今まで面と向かってこ奴に言ったことがないから、さぞ驚いたという顔をしているが、常日頃から俺をそういう目で見ていることくらい、この俺が知らんとでも思ったか、愚か者。
「では、御世継ぎはどうなさるおつもりですか!」
「あれがたくさん子を生めばよかろう」
「な・・・」
「仮に俺が世継ぎを残すことが出来なければ、弟か妹たちが残せば良い。エミリアにはもうすぐ子が生まれる。テオも時機に子を授かるだろう。案ずることは何もないではないか」
「しかしリ・コスイレ!あの娘はイシュタール人ではないどころか、異世界から来たよそ者で・・・」
「確かに」と俺は言いながら、その発言をした奴を斜め上から睨んだ。
途端、そ奴は首を竦める。
「しかしあれはテロリストでもなければ犯罪者でもない。どこから来た者か、どのような身分の者か、俺はそれらだけを基準に生涯を共にする相手を選ぶつもりはない。他に言いたい事がある者は」と俺は言うと、サッと立ち上がった。
すると、俺に倣って皆が立ち上がる。
「俺は次の予定があるのでこれで失礼する。おまえたちがどれだけ意見を交わそうと、ナギサと結婚するという俺の意志は変わらん。無駄なことに時間を費やすな」と俺は言いながら、すでにドアまで歩き出していた。

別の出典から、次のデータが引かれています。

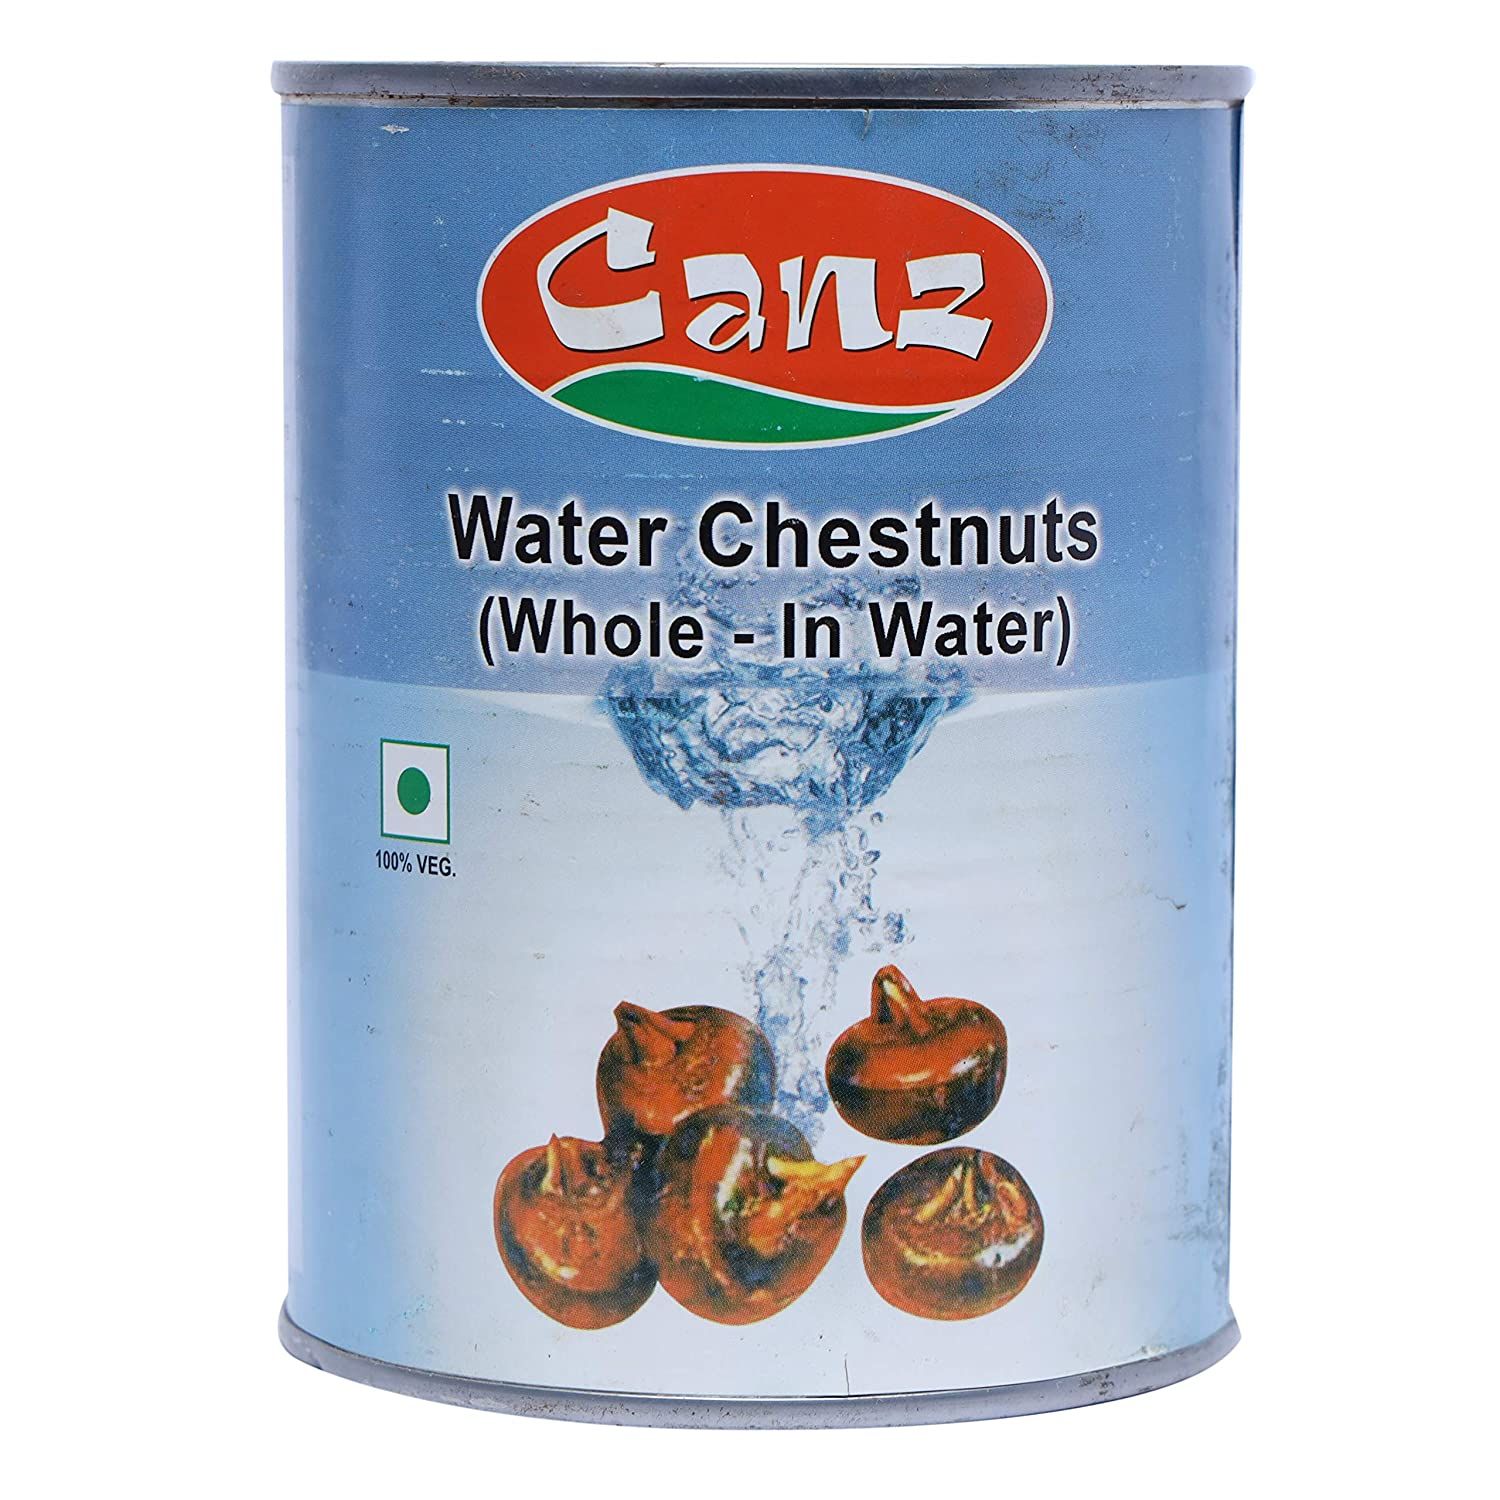 Canz Water Chestnuts Image

「かしこまりました、リ・コスイレ」という声が背後からちらほらと聞こえたのを最後に、俺は議会室を出た。
もうすぐナギサが花壇に来る時間だというのに、くだらん議論をしたおかげで、いつもより会議が長引いてしまった。くそっ。
自然と執務室まで足早に歩く俺の後ろから、秘書のイングリットが小走りに追いかけた。
俺が椅子に座って数秒後。
ナギサが花壇に現れた。
今日も花壇に水をやりながら、土に向かって話しかけたり、独り言を呟いている。
俺は机に左肘をつき、頬杖をついて小柄なあれがしゃべる姿を眺める。
今日はいつもよりナギサの喜びようが大げさに見える。
何かあったか。
夕方会う時に話してくれるだろう。楽しみだ。
そのとき俺のフォンが鳴った。
「もう来たか」と思いながら、俺はフォンを手に取った。
案の定、連絡を取ろうと思っていた奴からかかって来た事に、満足気な笑みを浮かべる。
「俺だ・・・あ?“俺”で分かるから良いではないか・・・ああ、大丈夫だ。話せ・・・・・・・・・分かった。来週からで良い。長期滞在になるつもりで来い・・・何?どっちが偉そうな口調で話している!おまえはもう俺の上官ではない・・・ああ、あれにも言っておく。アズラエルは喜ぶだろ・・分かった!じゃあな!」
全く。フォンでもあ奴と話すのは、無駄なエネルギーを浪費し過ぎる。
だが・・・面白い事を聞いた。
という思いを隠しきれない俺の顔は、自然とニヤけていた。
「・・・イングリット」と俺は呼びながら、目線はナギサから動かさない。
「はい、リ・コスイレ」
「おまえがあの時、花壇で倒れていたナギサを助けたそうだな」
「あ・・・あの、御報告をしなくて申し訳ございません」
「構わん。あれが俺に言うなと言ったのだろう?」
「・・・」
どちらかの命に従ったことで、どちらかに背くことになる。
だから容易に返事はできん、か。
「あれはヒルダにも口止めをしたからな」
「然様でございますか・・・」
以来、俺が命ずる前に、ヒルダは花壇周辺の「警備」と、ナギサの「護衛」を自主的に復活させた。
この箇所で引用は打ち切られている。